Tips: Mit dem Forum ist Neuhofen kulturell gut aufgestellt. Was tut sich dort in nächster Zeit?

Engertsberger: Wir wollen uns als Kinder-Kulturzentrum etablieren und hatten in den letzten zwei Jahren Kinderkulturveranstaltungen gehabt. Da sind auch die Kindergärten gekommen und die sind sehr gut angekommen. Das gibt es sonst nirgends. Aber natürlich haben wir nicht ausschließlich Programm für Kinder, wir schauen auch, dass wir pro Halbjahr drei bis vier hochwertige Veranstaltungen für die Allgemeinheit haben. 

Tips: Was tut sich bei den Vereinen in der Gemeinde?
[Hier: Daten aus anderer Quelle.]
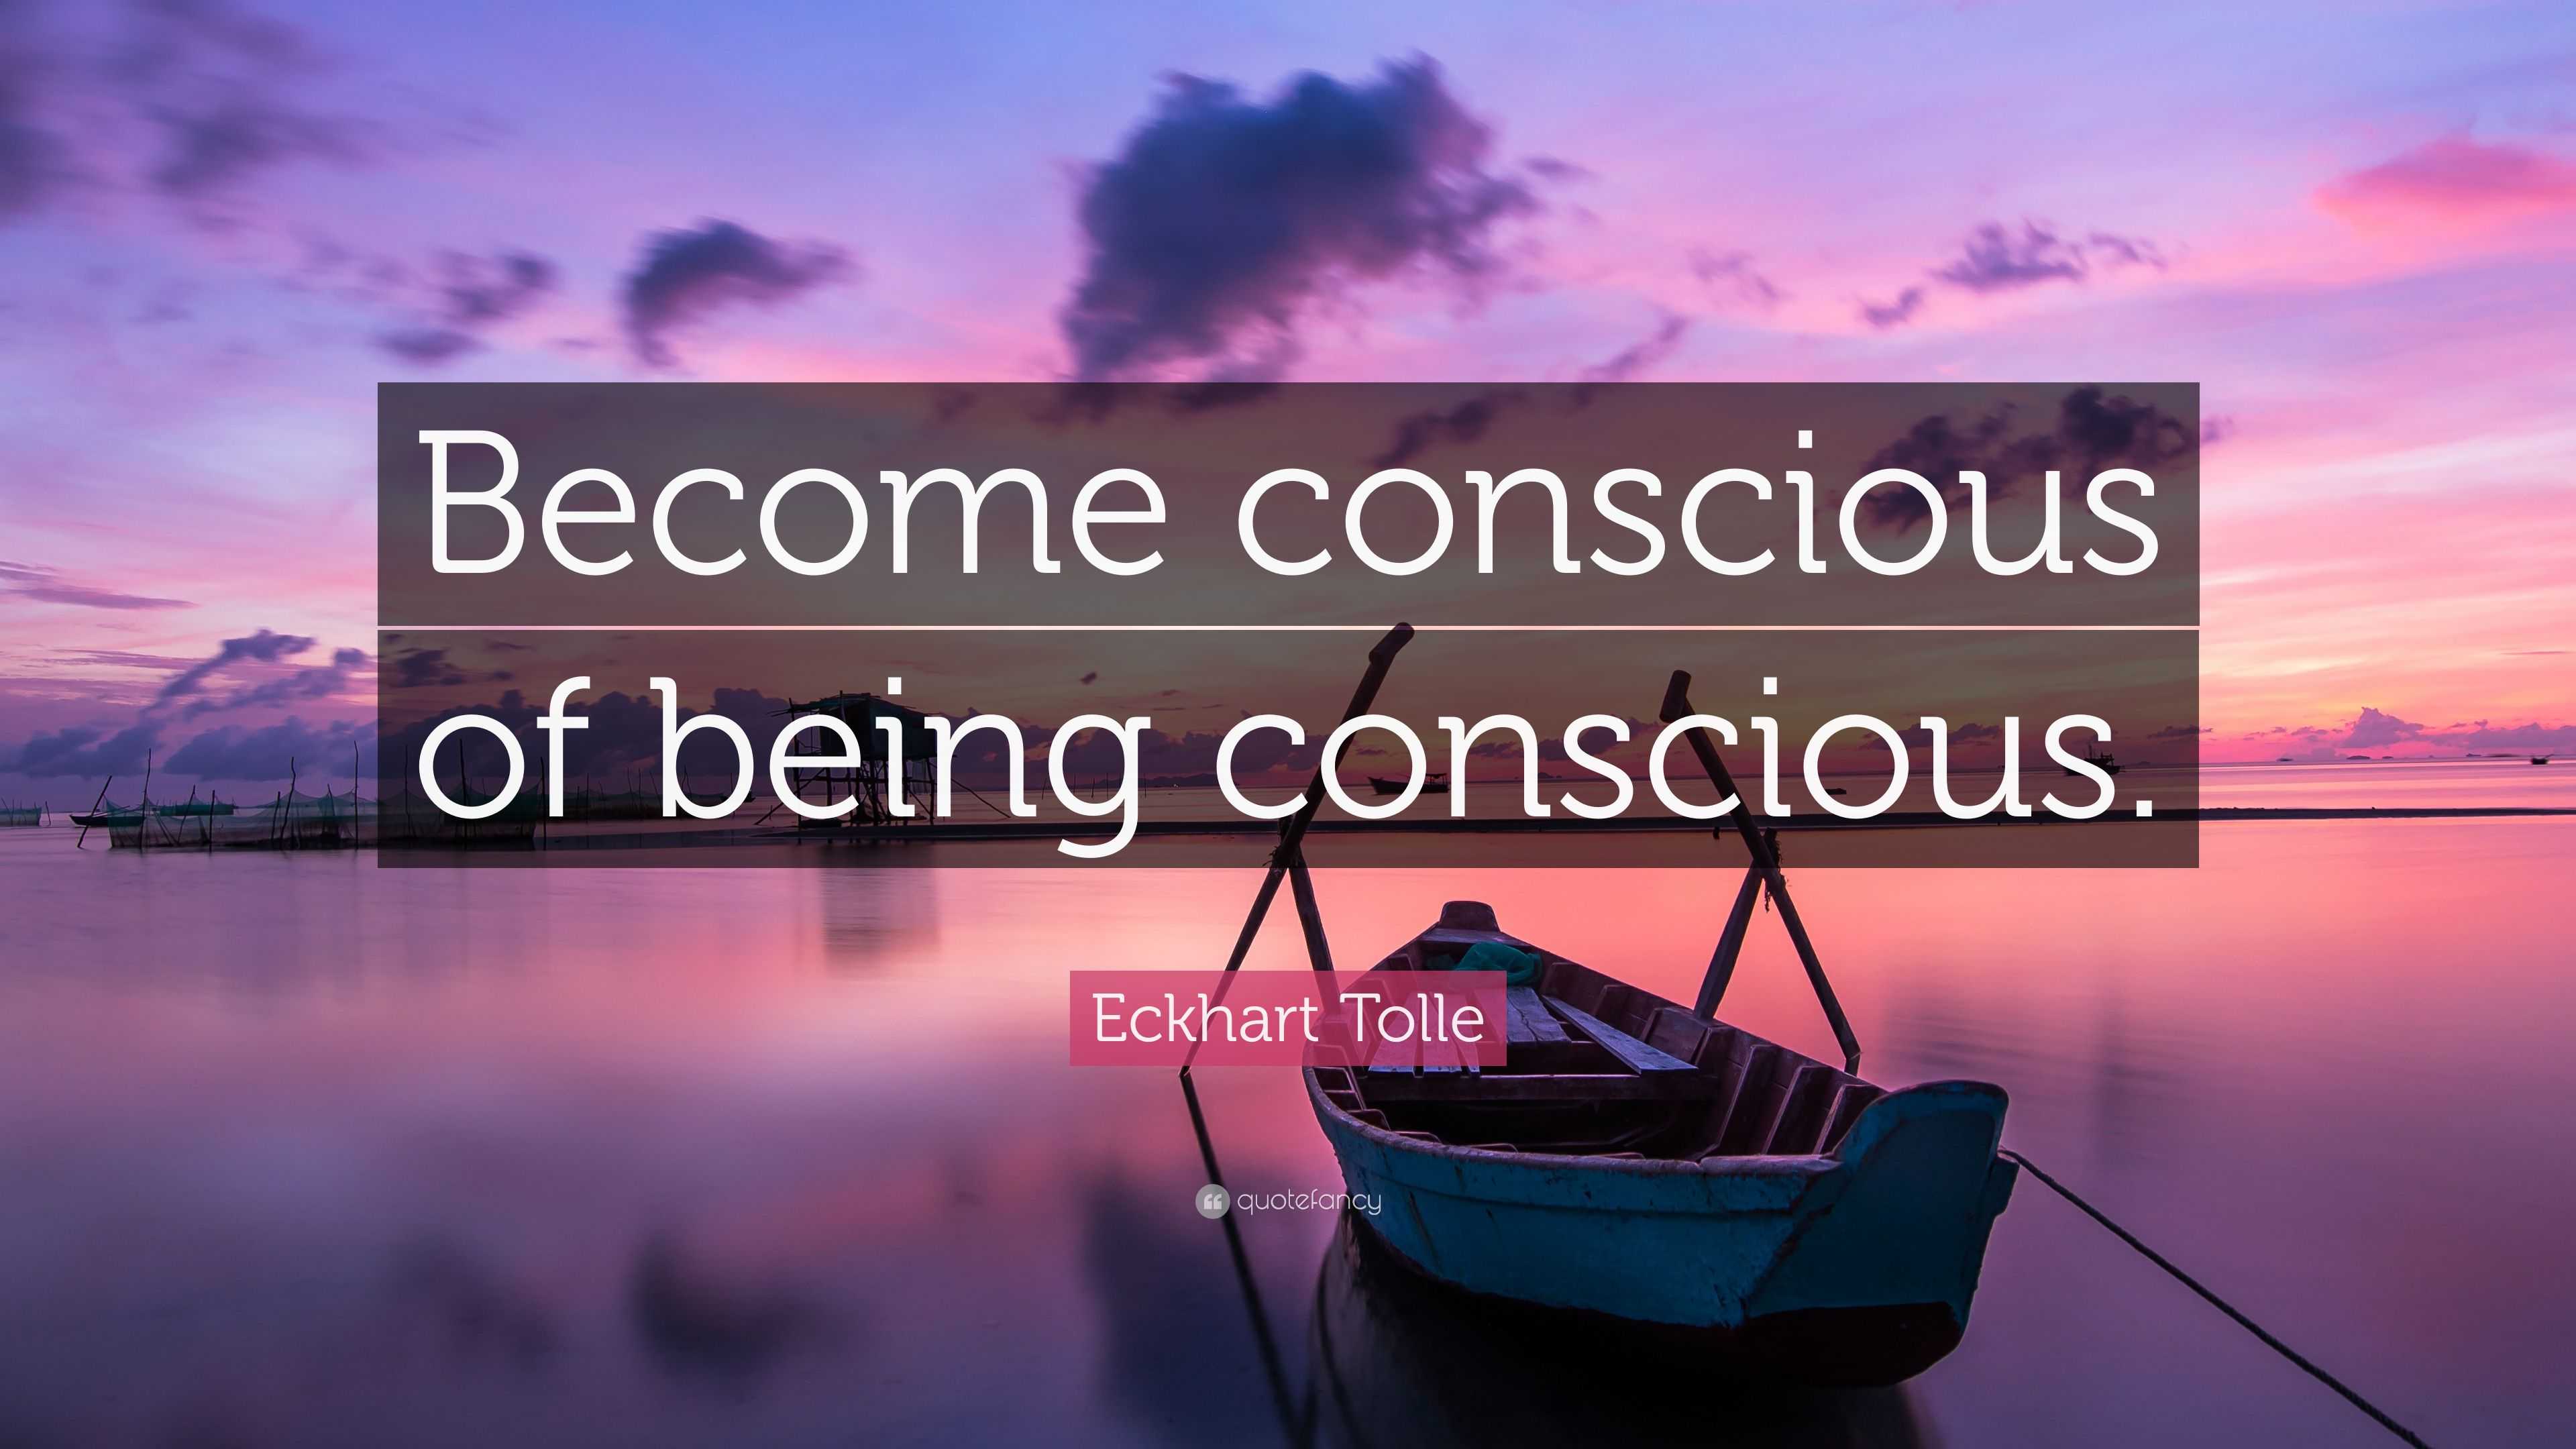 2008003 Eckhart Tolle Quote Become conscious of being conscious

Engertsberger: Jetzt ist bald der Bürgermeisterempfang, den gib es seit ich Bürgermeister bin. Andere Gemeinden machen den für die Wirtschaft, ich mache es für die Freiwilligen in den Vereinen. Rettung, Feuerwehr und die aktiven Vereine, die sich auch ums soziale Leben im Ort kümmern, Feste ausrichten, den Maibaum aufstellen oder ähnliches. Personen, die sich da besonders engagieren, bekommen von mir eine Dank- und Anerkennungsauszeichnung. Damit haben sie auch freien Zugang zu den Gemeindeveranstaltungen und das kommt recht gut an. Aber auch die Wirtschaftstreibenden, die etwa die lange Einkaufsnacht organisieren, da ist bei uns immer der Bär los, die werden dort auch geehrt und eingeladen.